Les travaux récents plus conceptuels s’appuient sur
la critique des lacunes des outils classiques, soit pour rechercher
et promouvoir de nouveaux instruments (systèmes incitatifs,
contractualisation, etc.), soit pour concevoir de méta-instruments
permettant une coordination des instruments traditionnels (planification,
schéma d’organisation, convention cadre). Des travaux
anglo-saxons et allemands plus récents de Koiman, Mayntz
ou Peters 33, ont remis cette question des instruments à
l’honneur à partir des questions de management et de
gouvernance des réseaux d’action publique. Leurs analyses
ont pour point de départ, soit l’importance de réseaux
d’action publique spécifiques, soit l’autonomie
de sous-secteurs de la société, mais ils convergent
pour faire du choix et de la combinaison des instruments une question
centrale pour une action publique conçue en termes de management
et de régulation de réseaux qui s’éloigne
des questions classiques de la sociologie politique.

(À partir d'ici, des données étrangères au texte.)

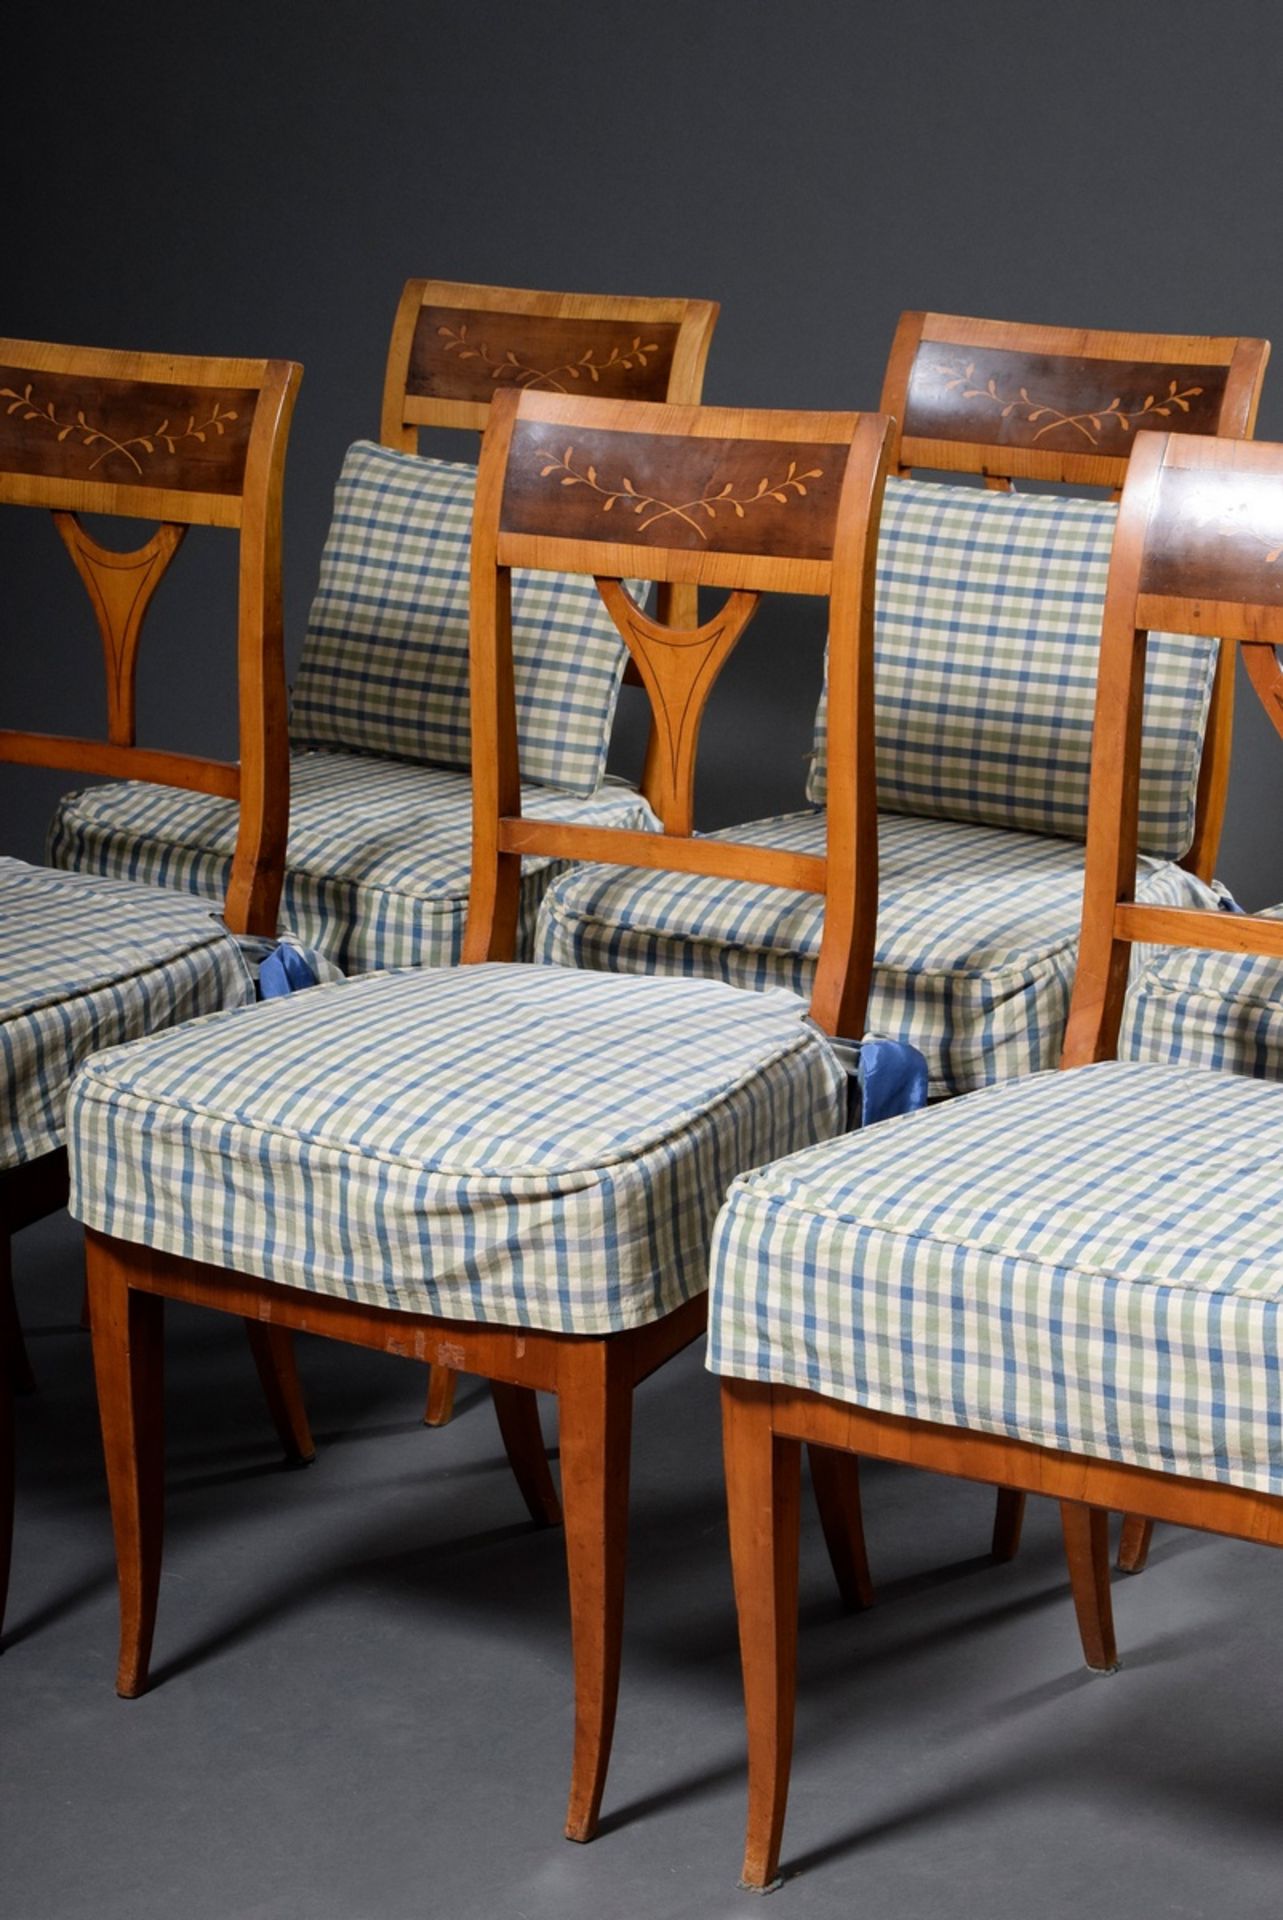 6 Biedermeier chairs on sabre legs with floral inlays in the backrest, plus: removable covers and 3

16Les approches d’inspiration fonctionnaliste peuvent être
dépassées si l’on s’attache tout d’abord
à la spécificité des instruments et si l’on
rompt avec l’illusion de leur neutralité. Les instruments
à l’œuvre ne sont pas de la pure technique, ils
produisent des effets spécifiques indépendants des
objectifs affichés (des buts qui leur sont assignés)
et ils structurent en partie l’action publique selon leur
logique propre. Il convient alors de s’attacher à la
dynamique spécifique de l’instrumentation. Les instruments
d’action publique ne sont pas inertes, simplement disponibles
pour des mobilisations socio-politiques, ils détiennent une
force d’action propre. Cela a déjà été
relevé par les travaux de A. Desrosières sur l’outil
statistique qui montrent sa participation active à la rationalisation
des États modernes 34. Cet auteur a aussi mis en évidence
sa capacité à produire des effets propres : «
L’information statistique ne tombe pas du ciel comme un pur
effet d’une “réalité antérieure”
à elle. Bien au contraire elle peut être vue comme
le couronnement provisoire et fragile d’une série de
conventions d’équivalence entre des êtres qu’une
multitude de forces désordonnées cherche continuellement
à différencier et à disjoindre » 35.
Le langage commun et les représentations que véhicule
la statistique créent des effets de vérité
et d’interprétation du monde. De son côté,
le géographe Cl. Raffestin dans ses études sur la
cartographie a souligné le rôle de cet artefact dans
la construction des identités et récits nationaux
36. Ces approches peuvent être étendues à l’ensemble
des instruments d’action publique. Quelques travaux pionniers
donnent quelques pistes de réflexion 37. Ainsi, ceux de P.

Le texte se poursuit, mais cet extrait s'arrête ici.